The ECB wants a veto on stable coins operating in the euro zone
Another argument for decentralizing trust-backed cryptocurrencies is that as more countries begin to use CBDCs and stablecoins, central banks around the world will try to tighten their regulatory strings on these offers because they are interfering with their control over payments, banking and money supply.
In this regard, the European Central Bank, or ECB, recently told European Union lawmakers that it wants a full veto right over the launch of stablecoins, such as Facebook’s Diem in the eurozone. , as well as a greater role in the supervision and regulation of digital assets.
EU members have been striving to create a comprehensive set of rules for the governance of crypto assets – including stress tests and capital and liquidity requirements – since September 2020. A recent directive bed as following:
“Where an asset benchmark arrangement equates to a system or a payment system, the assessment of the potential threat to the conduct of monetary policy and the proper functioning of payment systems should be the sole responsibility of the ECB. “
Even the ECB is working on its own digital euro, the asset most likely to find its way into the global financial ecosystem after extensive regulatory scrutiny and testing over the next four years or so.

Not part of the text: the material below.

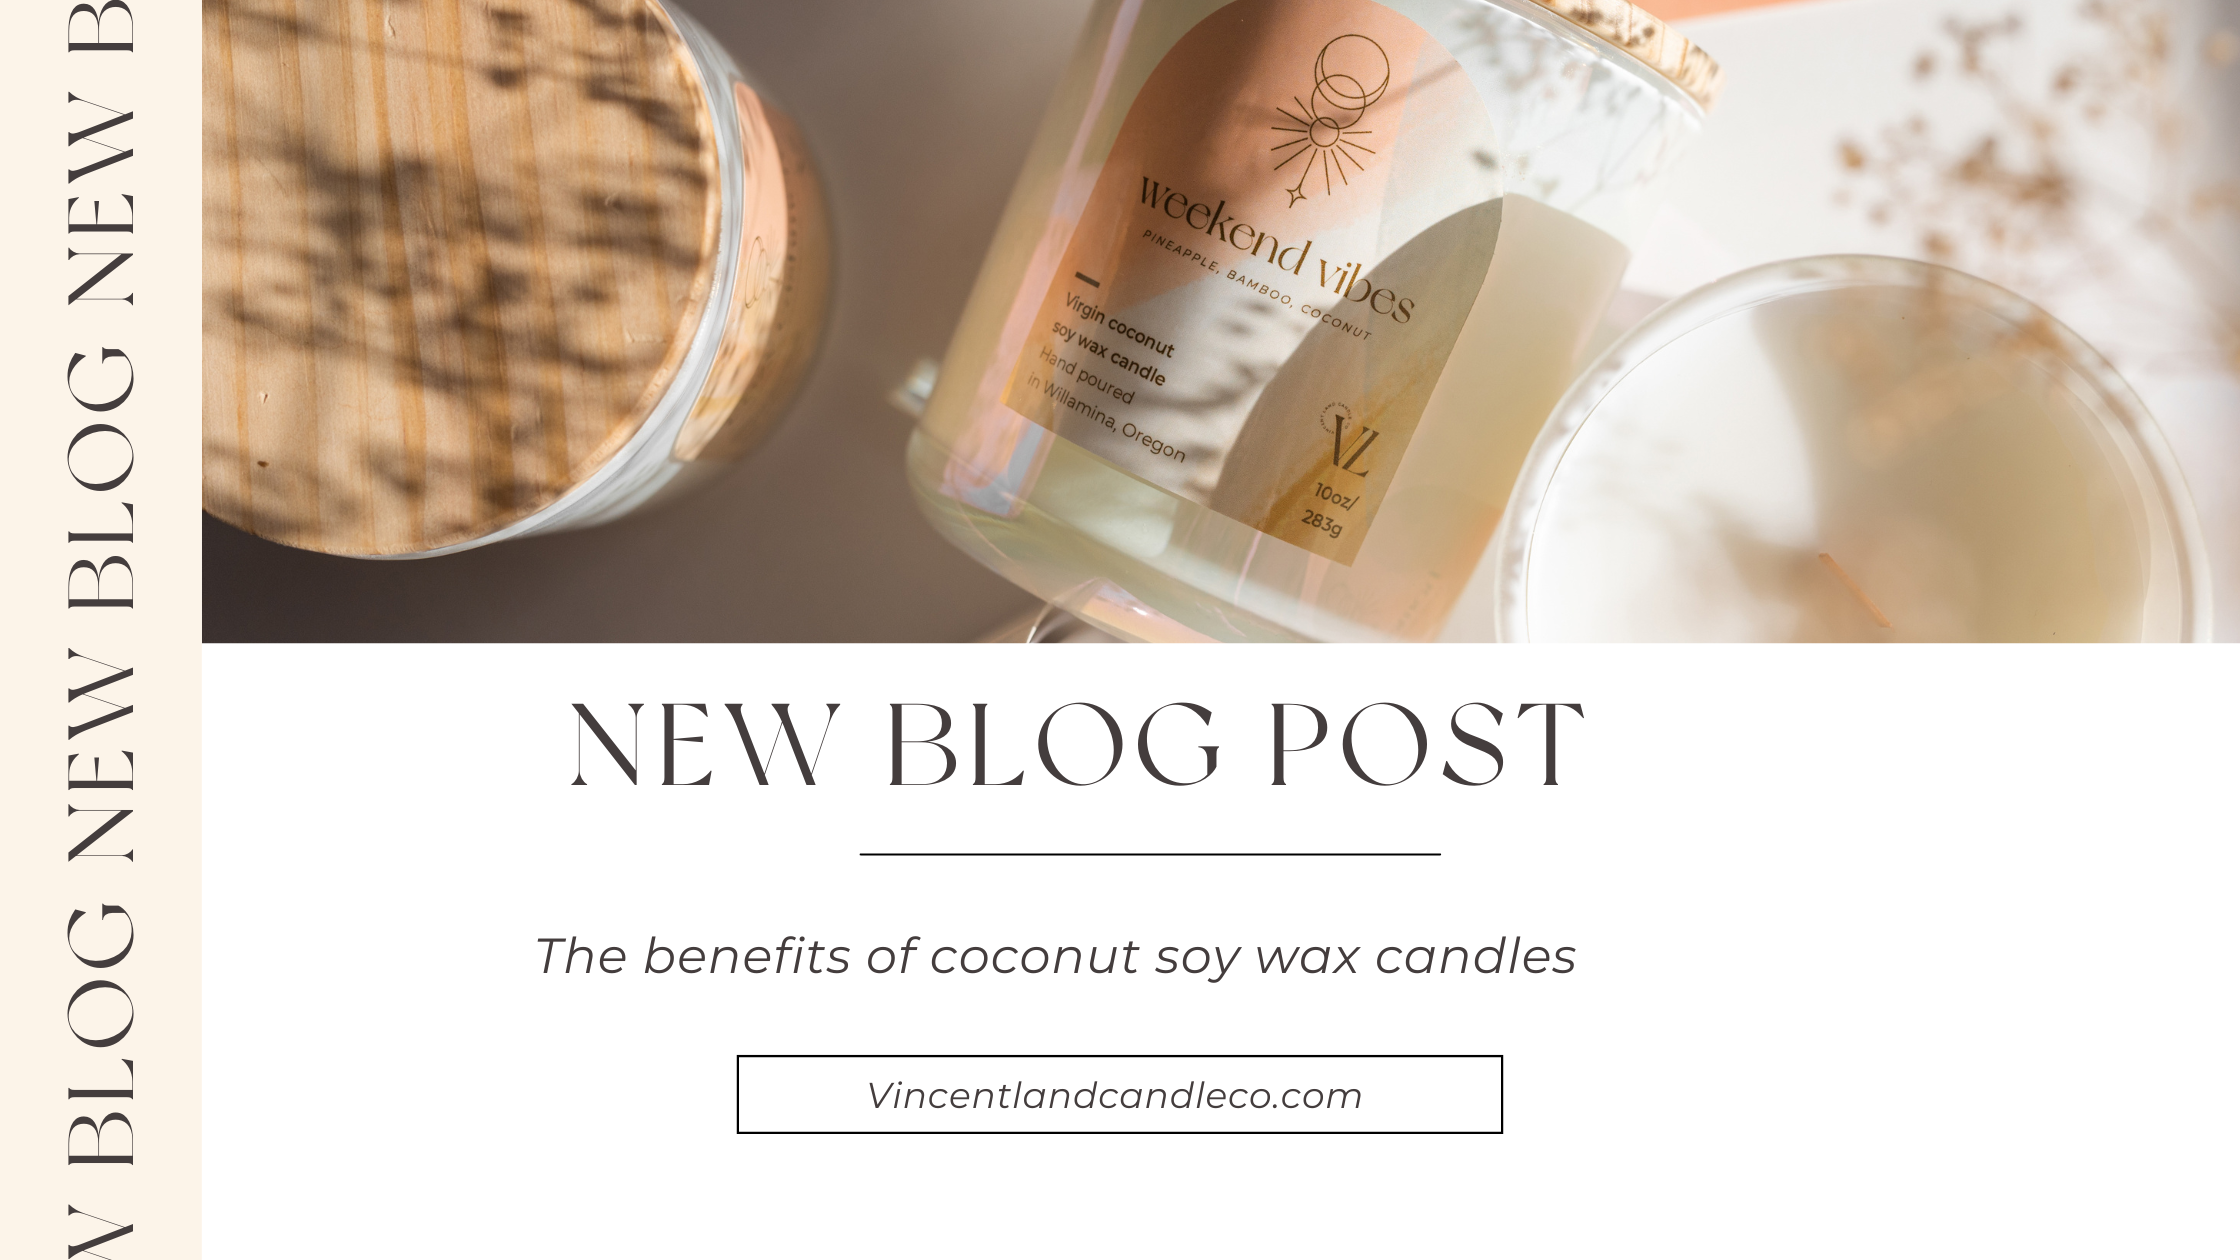 Coconut Wax in Candle Making: Benefits and Uses - artful glow

The views, thoughts and opinions expressed herein are the sole ones of the author and do not necessarily reflect or represent the views and opinions of Cointelegraph.
Sky Guo is CEO of Cypherium. His in-depth knowledge of consensus, transactions and cryptographic blockchain algorithms comes from his background in IT. With a Bachelor of Science degree from Pepperdine University and an Entrepreneurship degree from Draper University, Sky is also a columnist for Caixin, a Chinese financial media.